Doctor: Does that make breathing easier?
Me: Definitely.

This wasn’t a suprise to me – I’d encountered that using BreatheRight strips (which I can only use sometimes b/c my skin is really sensitive & is too easily damaged by adhesives). He reversed to the other side – pulling my right nostril wider open, while having me plug my left.

Doctor: Does that make breathing easier?
Me: No, in fact it’s worse overall because my left nostril is blocked.

Then he brought in the cameras.

Here I’d always assumed that my nose cartilege was a “J” shape – straight at the top & hooked at the bottom. NOPE. It’s more like a dial that someone has turned 25 degrees, blocked at the bottom on the left and up inside at the top on the right! So I’ve been getting even LESS airflow than I thought I was.

Diagrams of actual septum shape and assumed septum shape

!!!

MIND-BLOWING. The left nostril is the GOOD one (despite its weird ‘gate’ at the entrance).

However. That meant that this guy couldn’t do the procedure for me and instead, I have to be referred to an extra-specialist – one of only two people in BC who perform ‘open septoplasty’.


STOP. I’m going to take a moment to warn you about something. If you have any curiousity about what the difference between regular and ‘open’ septoplasty is, for the love of god, TURN OFF GOOGLE RESULTS IMAGE PREVIEWS FIRST. Learn from my mistake, people.

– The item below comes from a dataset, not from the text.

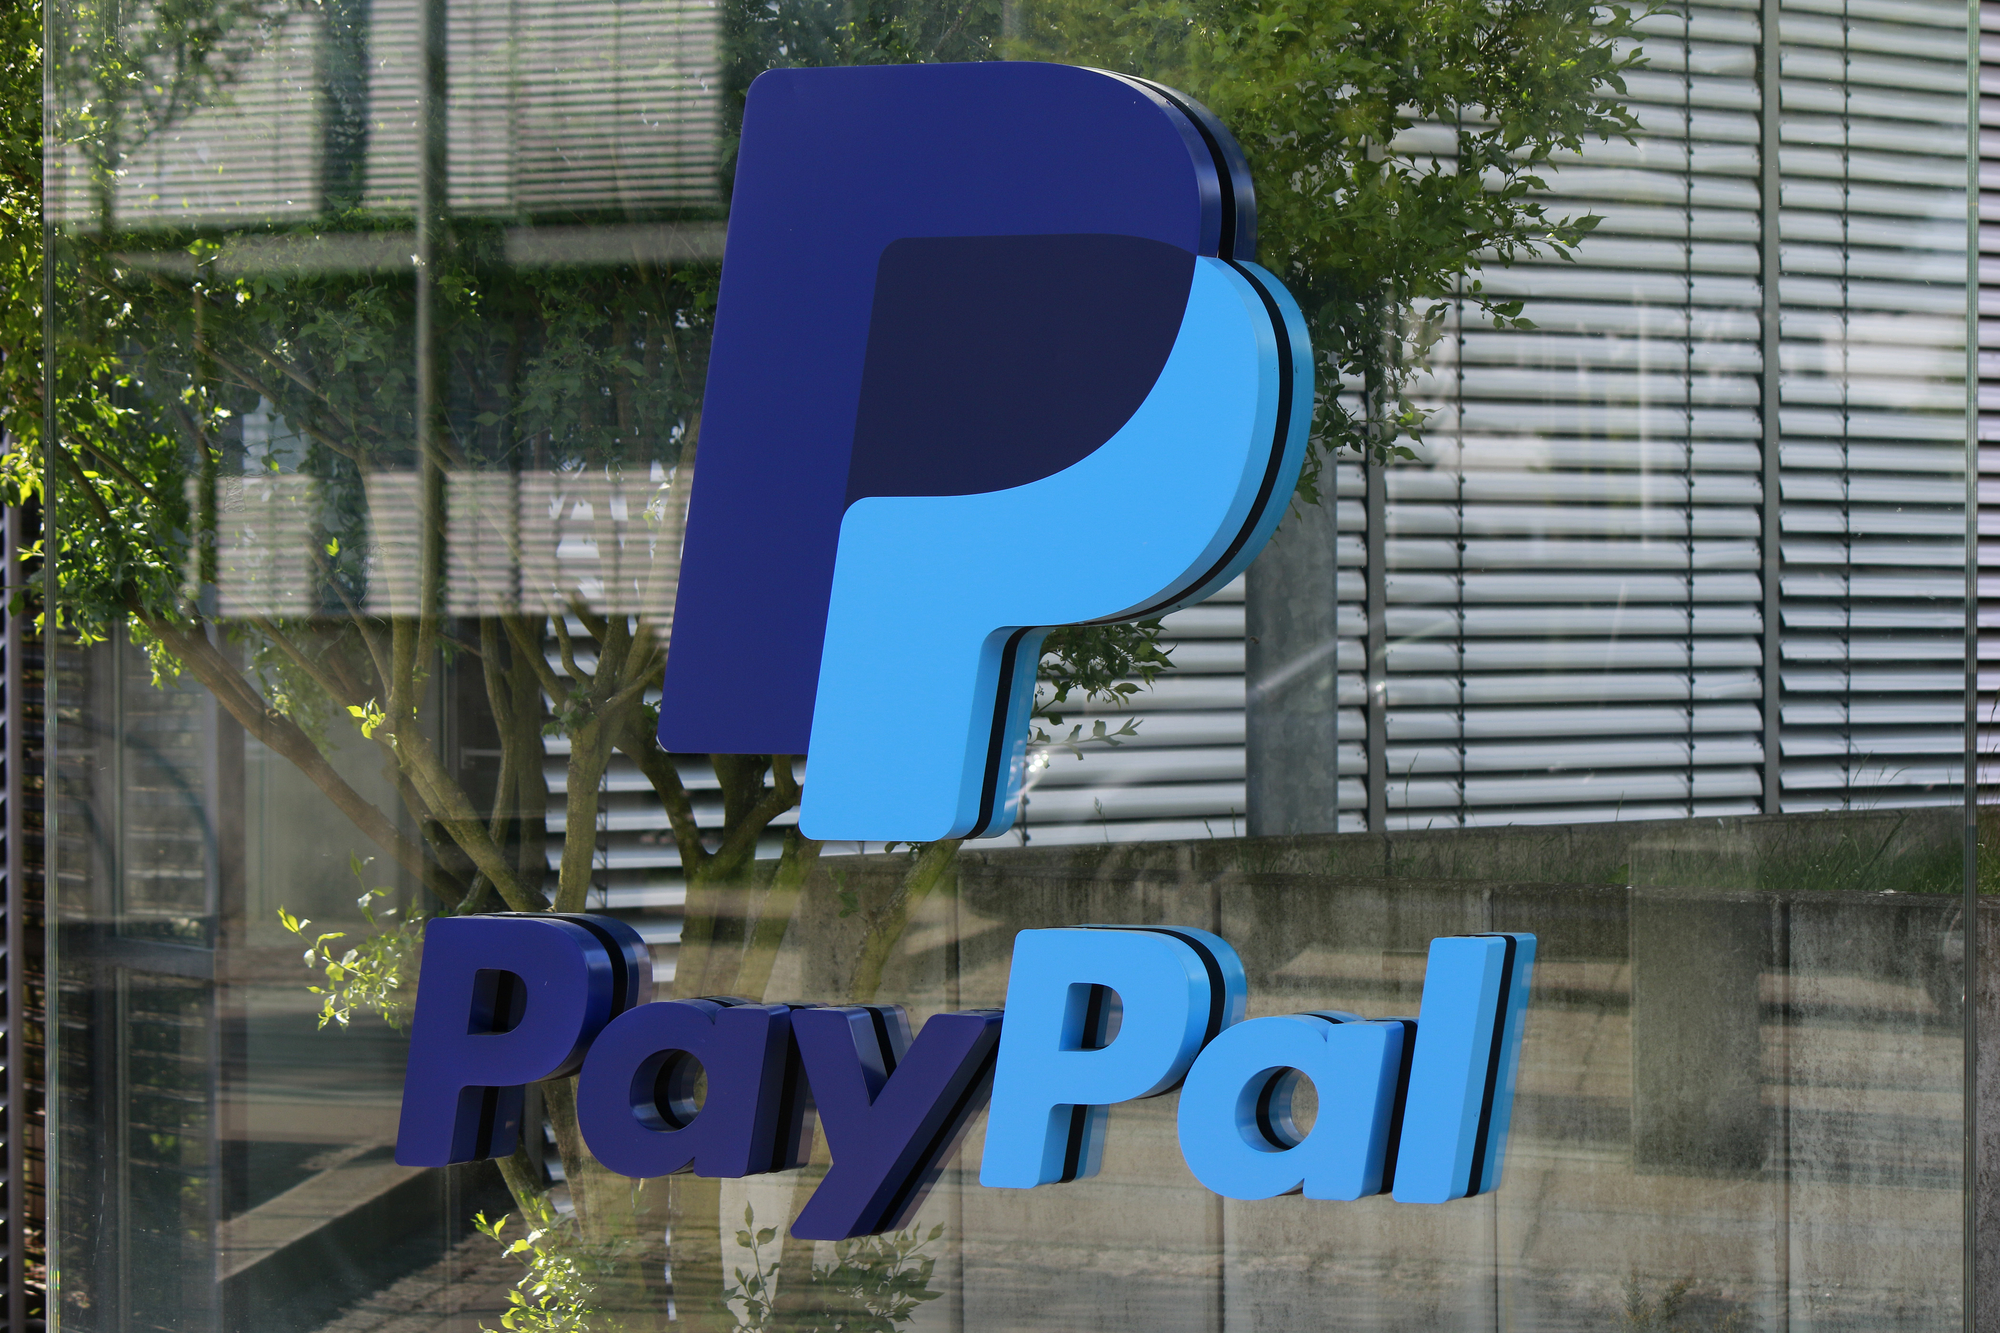 PayPal lays off 2,500 workers - a week after the announcement of a

OK. So. “Open” septoplasty involves them cutting the skin under your nose and then, um, kinda peeling back your nose/face so that they can get at the bits inside. They then do more significant construction. In my case they’ll apparently be widening the bridge & main part of my nose to strengthen it and building a brand new (centered) tip. Then they pull the skin back down and sew you up.

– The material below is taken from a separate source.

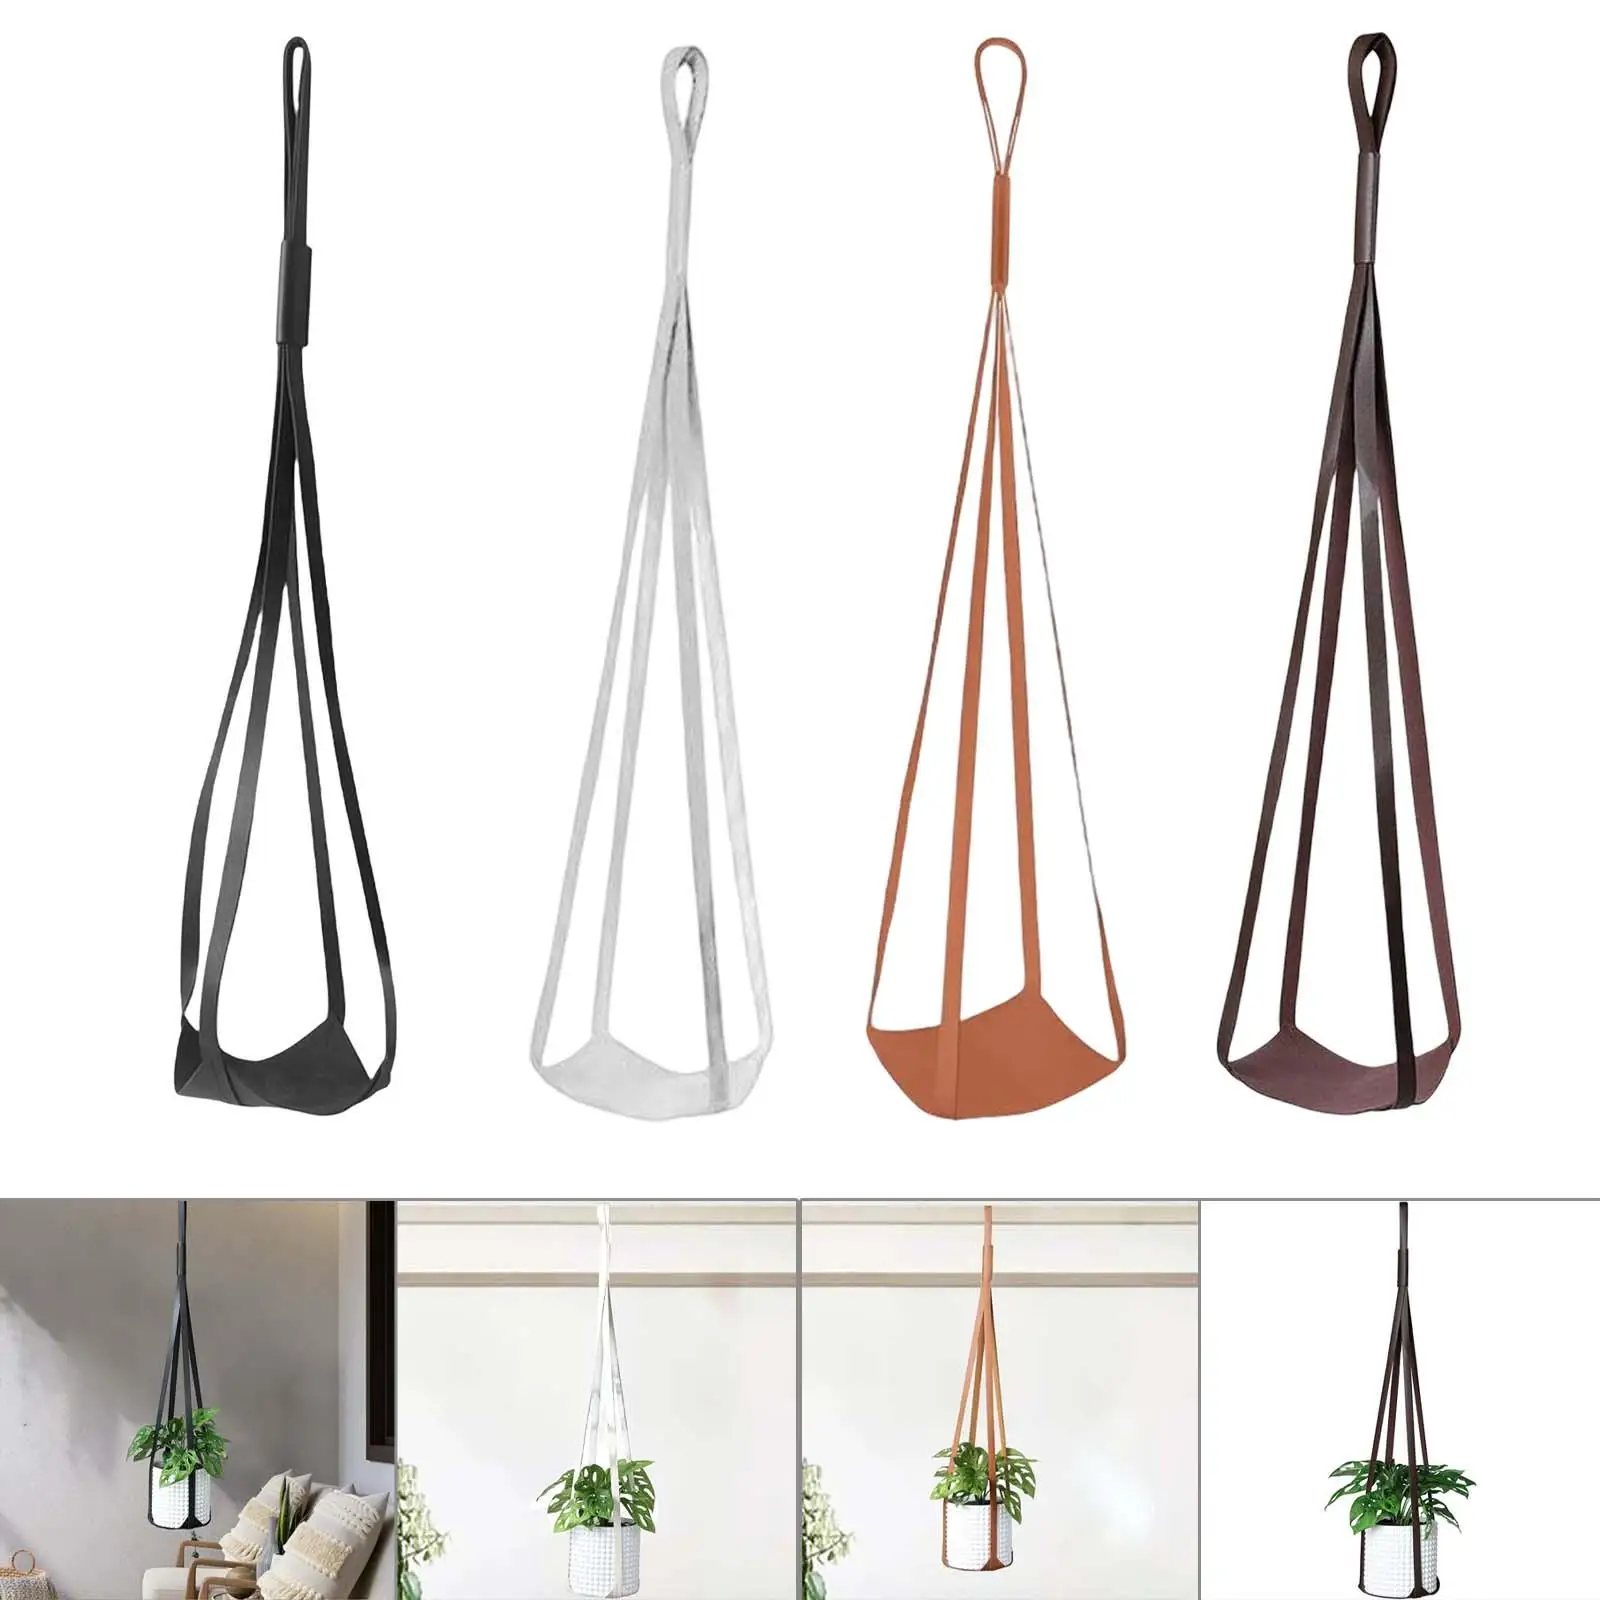 Hanging Planter Holder Morden style for Wall Patio Outdoor Outdoor

Yeah. All of a sudden I’m a bit less sure about going through with this, but I figure that I should at least meet with the extraspecialist to hear what he has to say. THAT appointment isn’t 6 months away, no. Only a few weeks.

[Google has surprisingly little information about open septoplasty and its complications. I assume that means that everyone who went through it is dead]

When I do go see the doctor, he’s extremely reassuring (not just in what he says, but in manner overall) and I feel much, much better about the prospect of starring in my own sweded version of Face/Off. I decide to go ahead with it and mentally prepare myself for an 8-12 month wait for surgery.

But. Apparently this doctor was recently granted 7 extra hospital days this year and because he just got them, they were wide open. So instead of an 8 month wait, it’s a 6 week wait.

And now those 6 weeks are up. My surgery is today. I’ll provide an update when I’m back home (assuming I’m not so miserable that I just want to go to bed), but fingers crossed for a life-changing improvement!